Always there were matters of general and local status to attend to. The churchwarden’s accounts express the church’s concern in secular affairs and its own house-keeping. The petty cash was available for assistance to the indigent or for needy travellers. So, typically, we find sixpence provided in August 1752 ‘To several sailors in their passage to Sussex’. In January 1753 to shillings was offered as a ‘thanksgiving for the ceasing of the Contagious Distemper amongst the Cattle’. Half that sum was produced in 1813, according to the Apparitor at the following Easter, for the fee for the ‘Proclamation for General Thanksgiving on the Victories of the Allied Armies’ over Napoleon. A proper sense of local priorities one might think, and, returning to matters of more immediate concern, 10s.6d. was spent by the churchwardens on painting the ‘stiple’ in 1828 and, in 1834, it cost three shillings to mow the churchyard. Such is the pecuniary reality of collective philanthropy, gratitude, and necessity at the parochial level.

In 1755 the rectory of Theydon Mount was joined with that of St. Mary’s at Stapleford Tawney. In the year of Victoria’s accession, during “the incumbency of the Rev Sir Edward Bowyer Smyth, the church was considerably restored after over 200 years of service. In addition to repairing the fabric a gallery was erected at the west end for the use of the musicians who supported the singing and the servants from Hill Hall who could not, with propriety, sit among their masters below. This, the most significant work on the church since it was re-built in 1614, was noted by an inscription on the string-boarding underneath the gallery. Also in late-Victorian times was received, by gift, additions to the church furniture, including the chancel chair, the pulpit, reading desk, and credence table.

In 1926 a Faculty was granted, by the Bishop of Chelmsford for changes that left the church in appearance much as it is today. The plastered ceiling was opened up to reveal the timbered roof and the ‘existing unsightly gallery’, which, as we have seen, had been erected in 1837, was removed. Three years later the church was honoured, as is rarely the experience of our remote country churches, by the visit of the reigning monarch’s Queen. Not since 1400, when Pope Boniface IX, who was liberal with such benevolence, granted a ‘Relaxation of Penance’ for three years and 120 days to pilgrims visiting the church at Theydon Mount on certain days, had the church received notice by such an eminent personality.

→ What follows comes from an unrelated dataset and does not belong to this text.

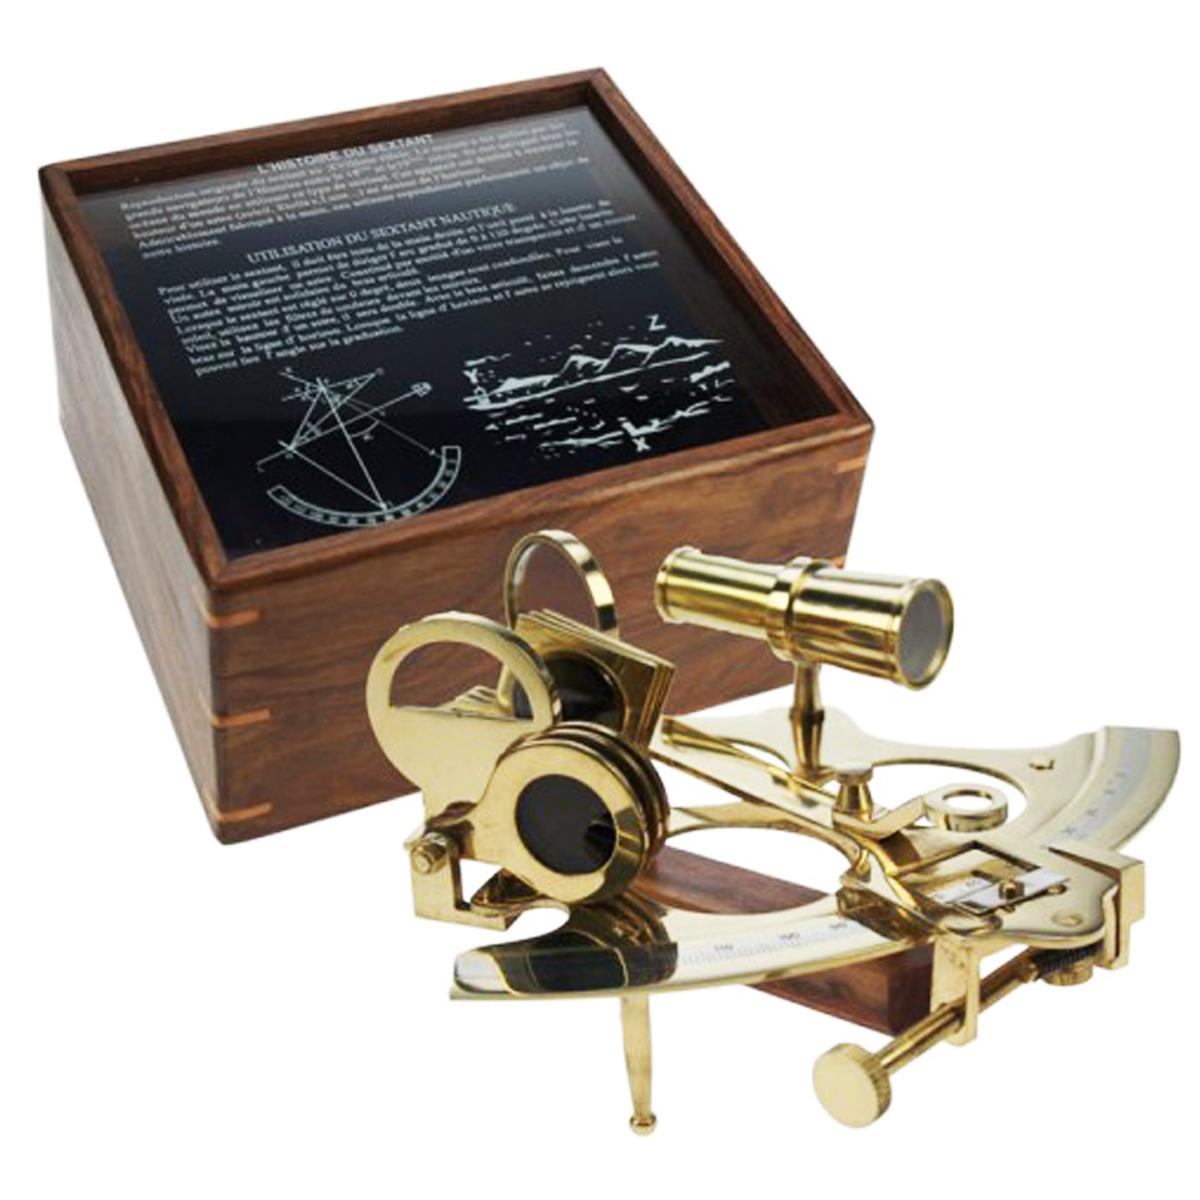 Reproduction \'Sextant\' doré dans boite bois - 25x23x12 cm - [Q7127]

On 29th June 1926 Her Majesty Queen Mary travelled by road from Buckingham Palace to Hill Hall where she was entertained by Sir Robert and Lady Hudson. During the visit she was received at the church by the rector the Rev. S.J. Stanley and her royal name thus lends distinction to the annals of this secluded and unpretentious church in the pretty Essex countryside on the slopes above the Roding. It has thus had its moments of conspicuous glory: royal visit, a Papal Indulgence and the memory of a great Tudor statesman and scholar embellish the story of the secular and pastoral life of this little parish church. But, much as we may value its personal associations with the gracious Queen and the illustrious Sir Thomas Smith it is, nevertheless, in its parochial role that its enduring significance lies. St. Michael the Archangel still ‘stands pleasantly’ at Theydon Mount cherished by all who know it. Thus, it continues to sanctify and enrich the lives of the parishioners it serves, quietly and agreeably, in character with the restraint and spiritual qualities of its architecture.